Welcome to the Weekly Movie Thread! This is your place on the Avocado to discuss recent films and old classics. Have recent blockbusters finally enticed you to sit in the dark with numerous strangers spaced six feet apart? Or do you prefer the comfort of your own sofa and dropping $30 for premium access ain’t no thing? Or are you a Luddite who prefers DVDs? Come in here and talk all things movies!

Today’s bonus prompt: what is the goofiest thing you’ve seen in a “scary” movie?

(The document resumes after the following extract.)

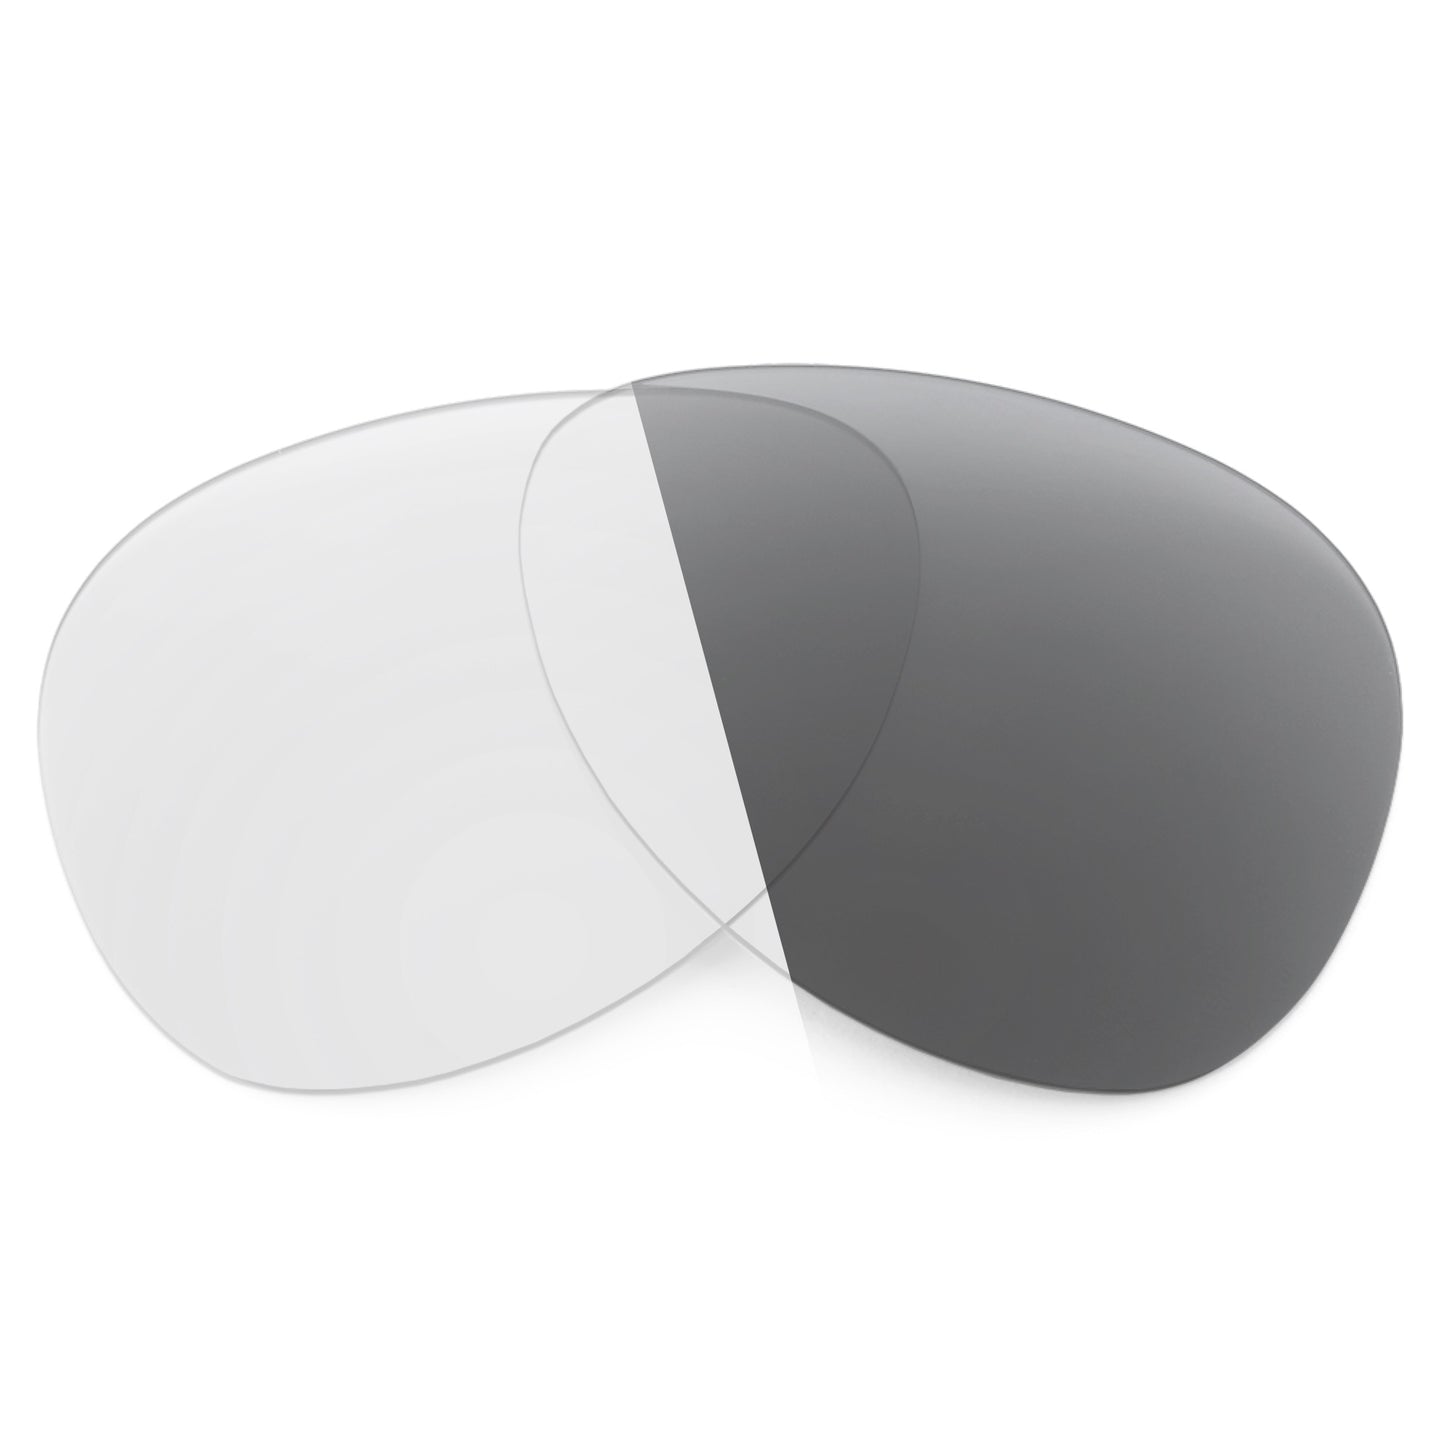 Revant replacement lenses for Ray-Ban Outdoorsman II Rainbow RB3407 58mm Non-Polarized Adapt Gray Photochromic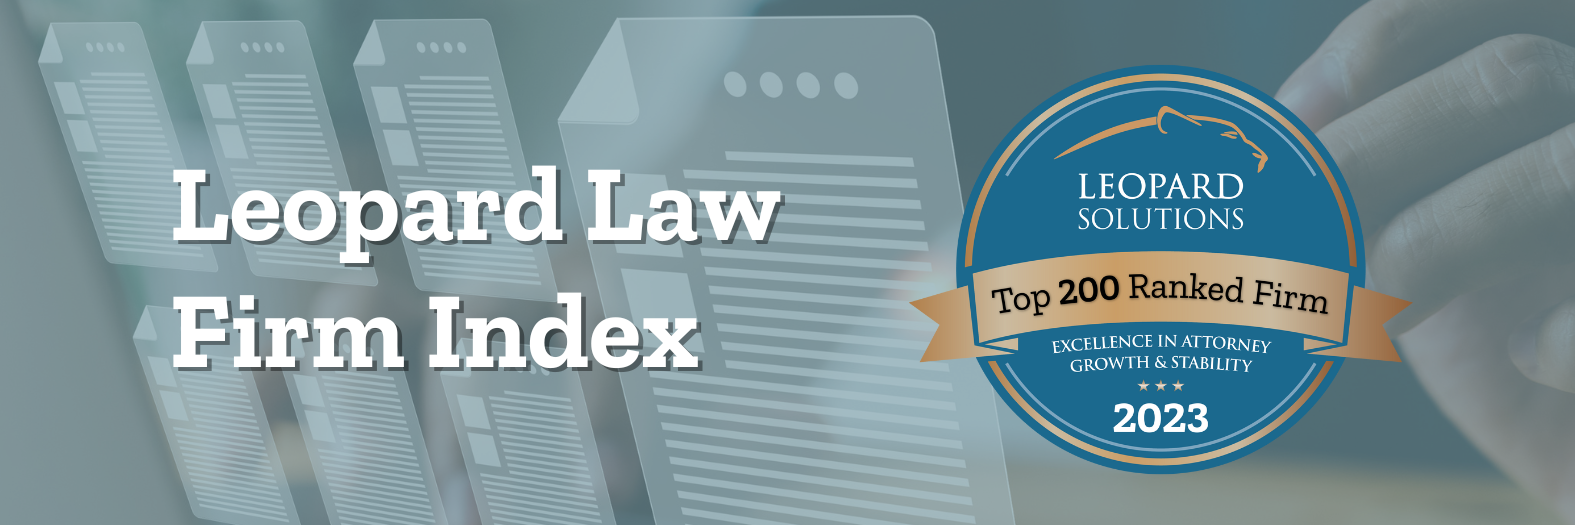 Leopard Law Firm Index – Top 250 Law Firms

There is a very fine line between horror and comedy. Play a terrifying moment wrong, and all of the sudden it comes off as silly. Look no further than M. Night Shyamalan’s The Happening, where all of the horror beats are there. Mark Wahlberg looks around in fright at the terror that is enveloping them. There is a slow turn. He screams to everyone to run and they scatter in a blind panic.

The only problem: the thing he’s scared about is the soft rustling of trees.

Italian director Dario Argento is known as one of the more influential international horror film makers out there. Yet all of his films have a strong strain of goofiness. Usually they star a foreigner, usually American, who seems to never really raise the suspicion of the local police despite being at the location of every murder in the film.

Deep Red provides some starling imagery the seems to come out of nowhere. A clockwork puppet that appears though an unseen side door, for example. A hallway full of paintings where perhaps one provides a glimpse of the killer. Walled off rooms with a corpse within. “Deep Red helped make Argento’s international reputation, even attracting the attention of Alfred Hitchcock, whose influence can be felt in nearly every scene,” Keith Phipps wrote at the AV Club.

And yet, there are moments you’re watching where you think to yourself, “Did Dario Argento intend this to be a comedy?”

There is one death scene in particular that recalls another from noted not-horror film, The Naked Gun.

Recently, viewers were split on whether Malignant and its bug-nuts conclusion was supposed to be intentionally funny, or if the goofy moments were completely by accident. Only James Wan knows.